### Work to be completed
In the data below, begin at the line with "Free Fax Cover" and stop after the line with "The plate which"; output those lines exactly and no pictures.
Start of Records supplied
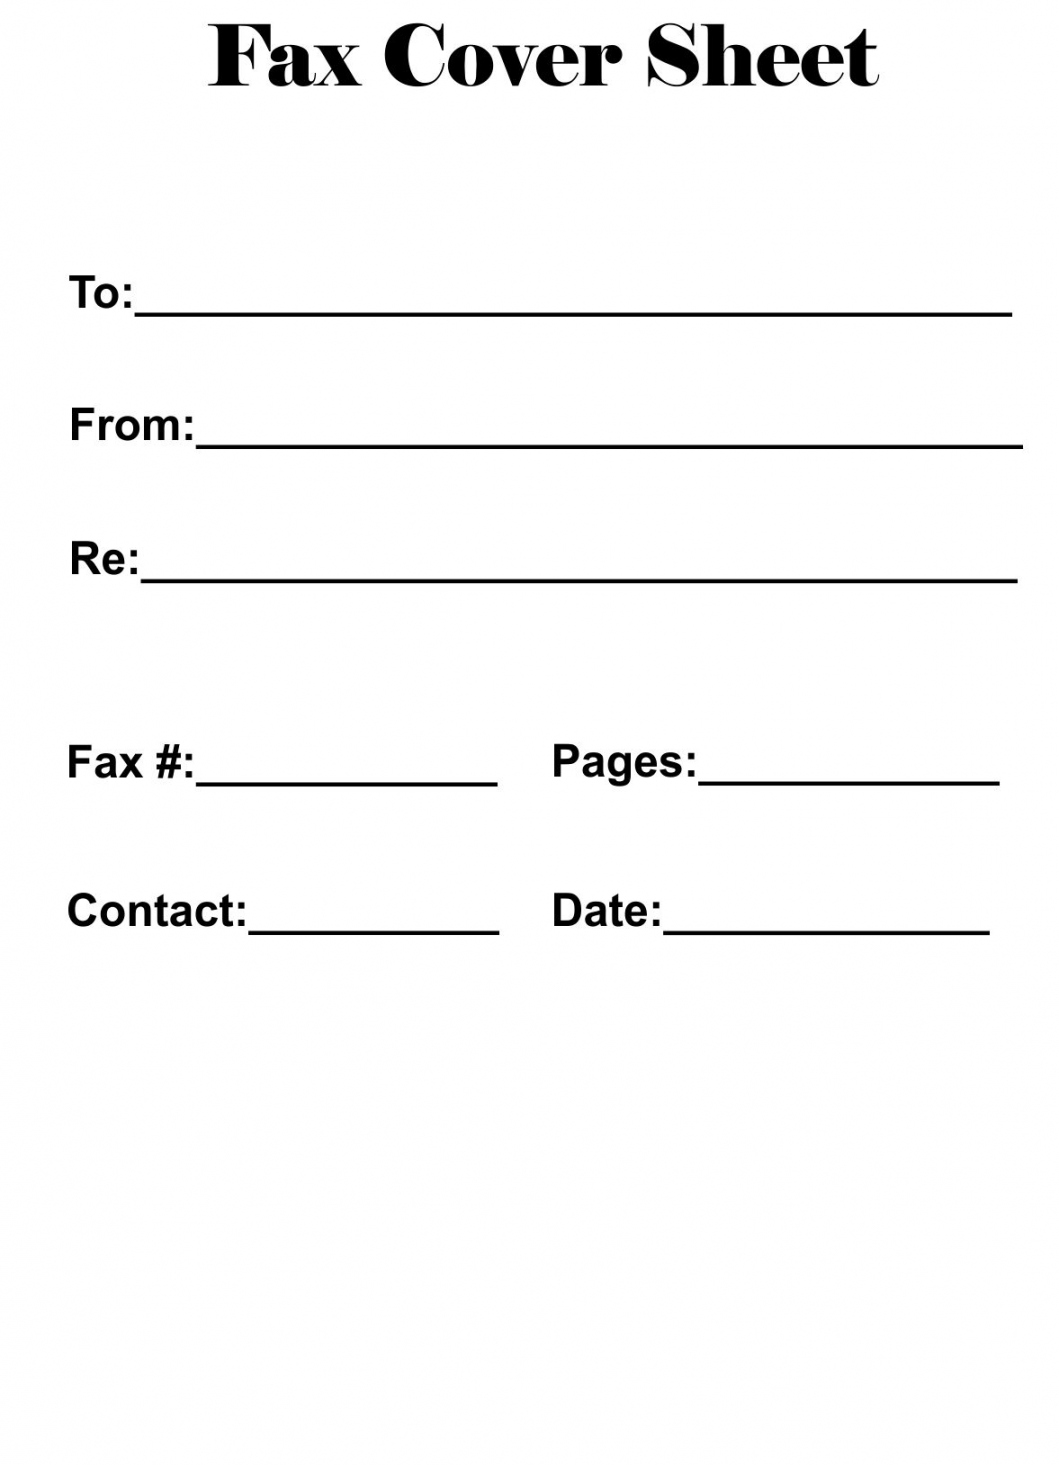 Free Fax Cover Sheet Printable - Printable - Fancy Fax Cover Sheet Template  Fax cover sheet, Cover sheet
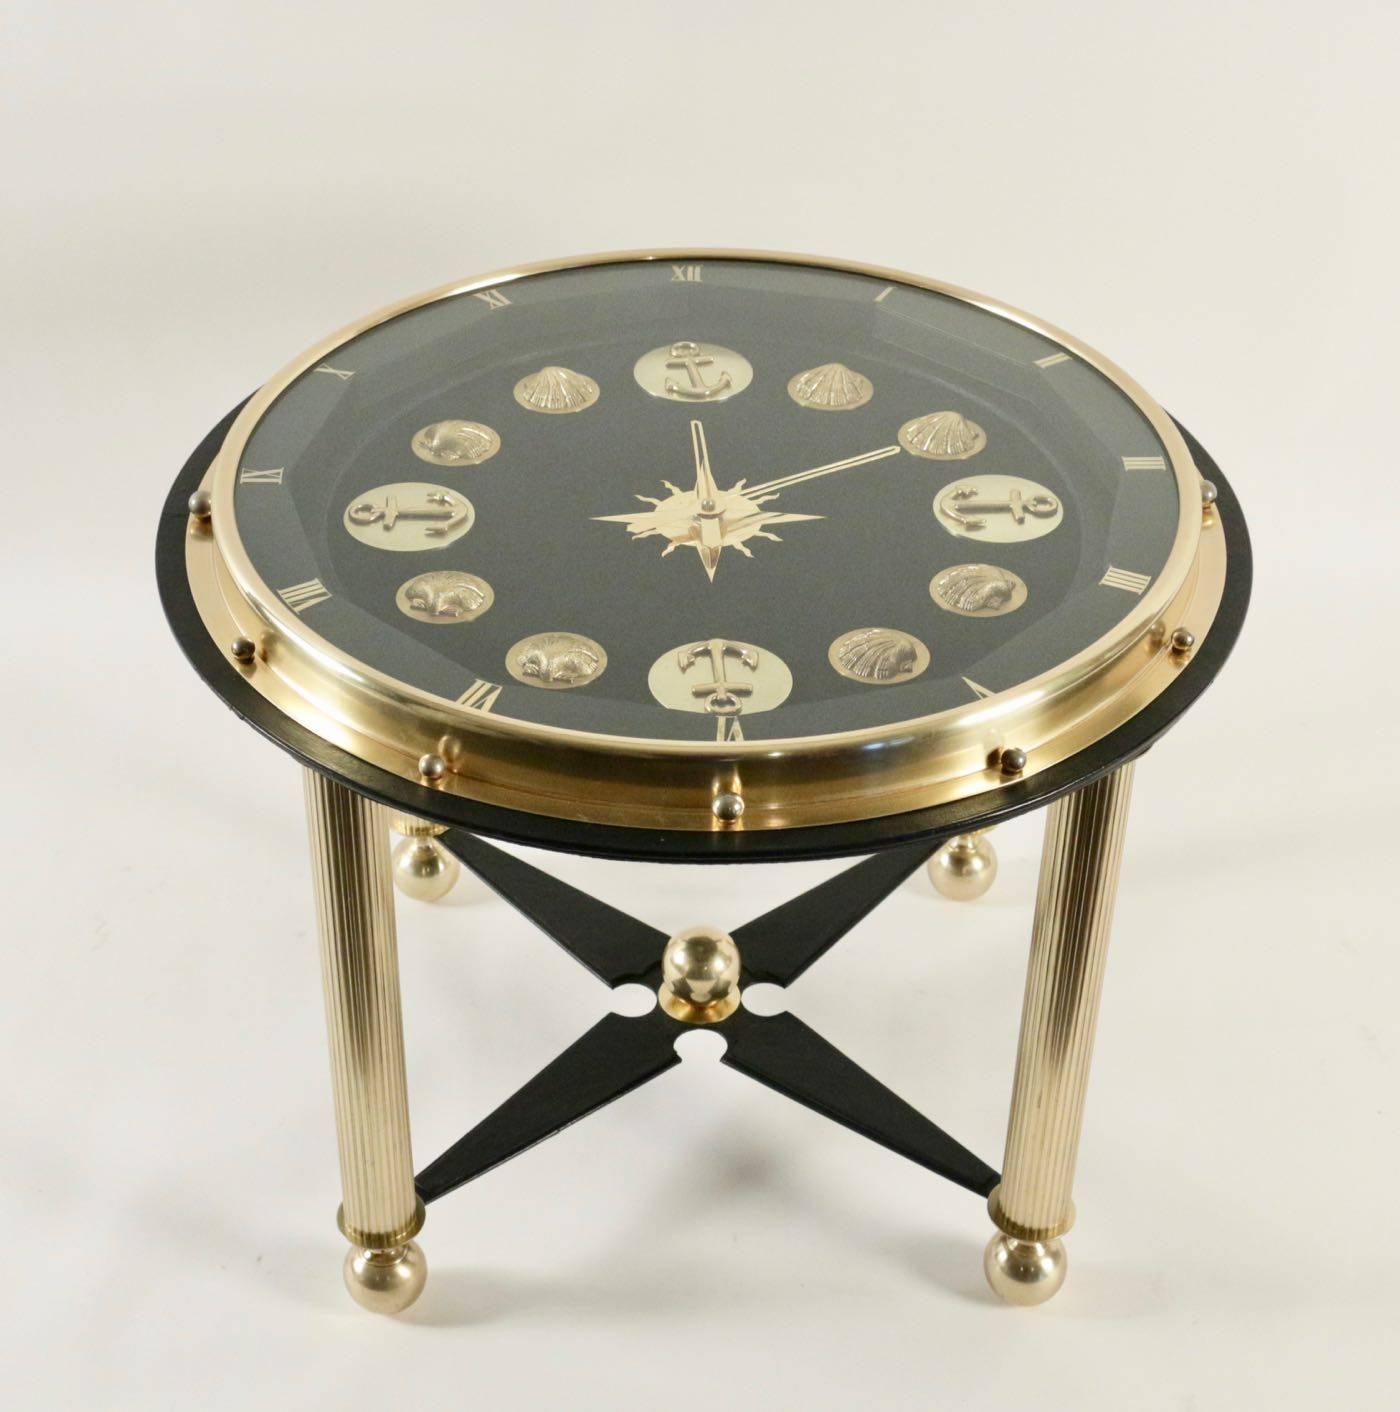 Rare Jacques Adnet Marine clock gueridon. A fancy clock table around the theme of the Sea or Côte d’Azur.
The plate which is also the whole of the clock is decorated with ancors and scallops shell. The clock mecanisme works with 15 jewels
End of Records supplied
Start of Records supplied
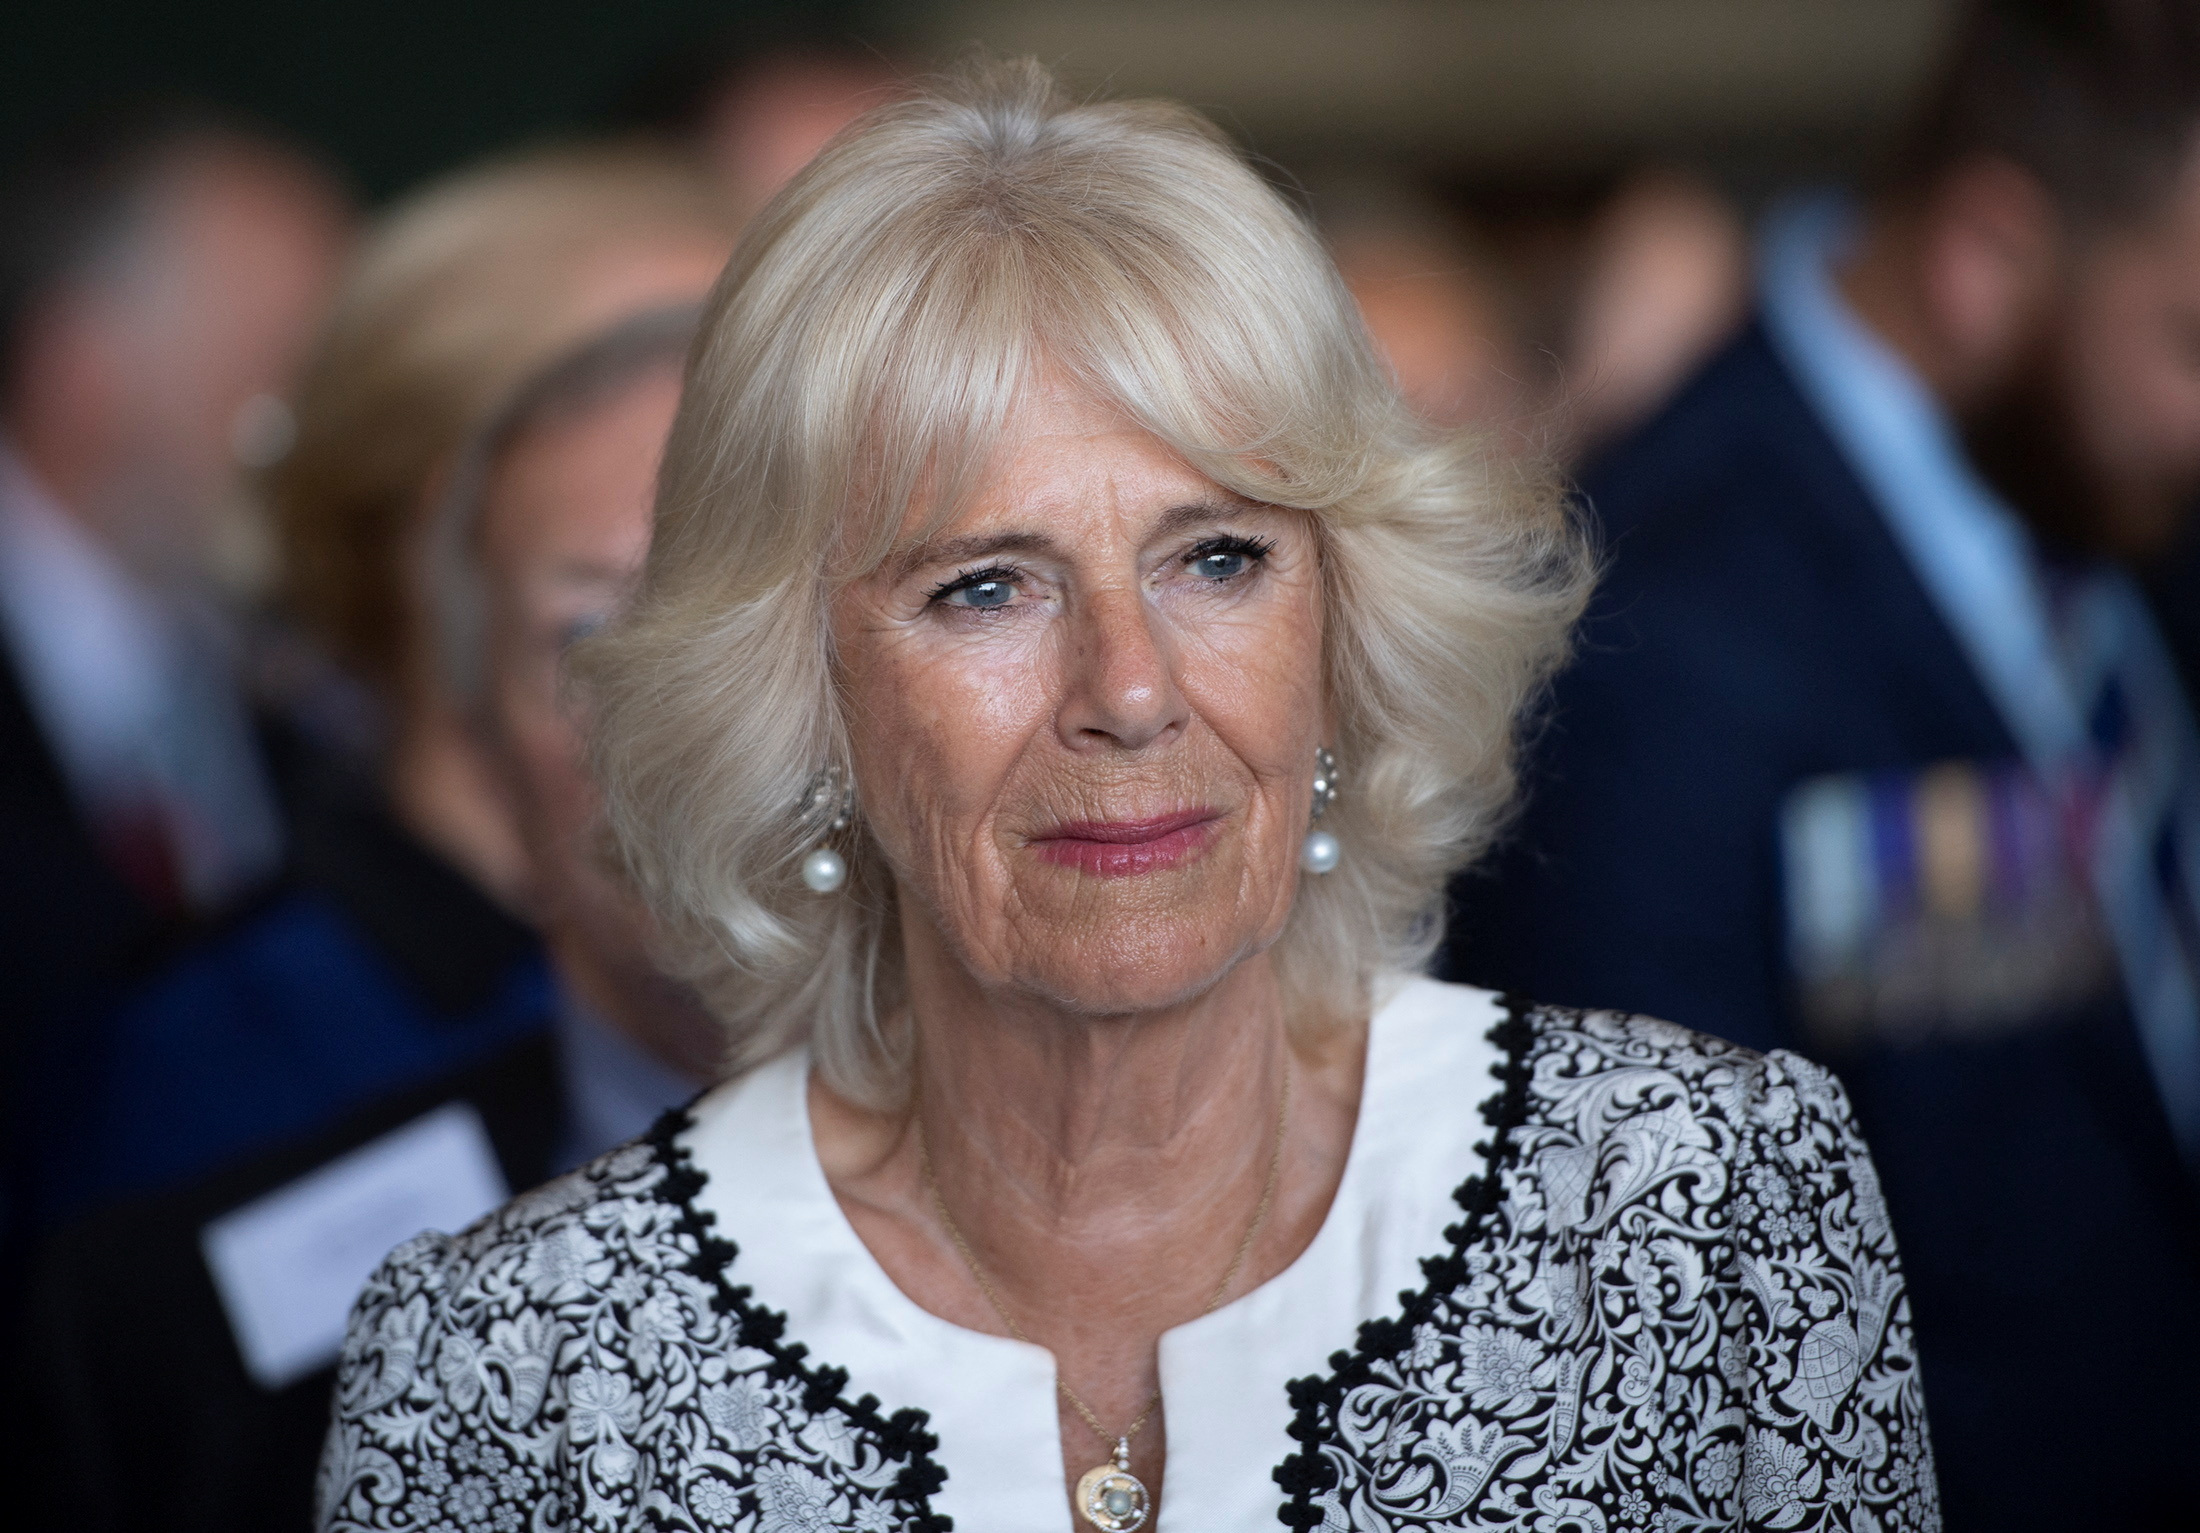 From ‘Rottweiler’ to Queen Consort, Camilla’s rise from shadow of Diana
End of Records supplied
### Response
 Free Fax Cover Sheet Printable - Printable - Fancy Fax Cover Sheet Template  Fax cover sheet, Cover sheet
 Rare Jacques Adnet Marine clock gueridon. A fancy clock table around the theme of the Sea or Côte d’Azur.
The plate which is also the whole of the clock is decorated with ancors and scallops shell. The clock mecanisme works with 15 jewels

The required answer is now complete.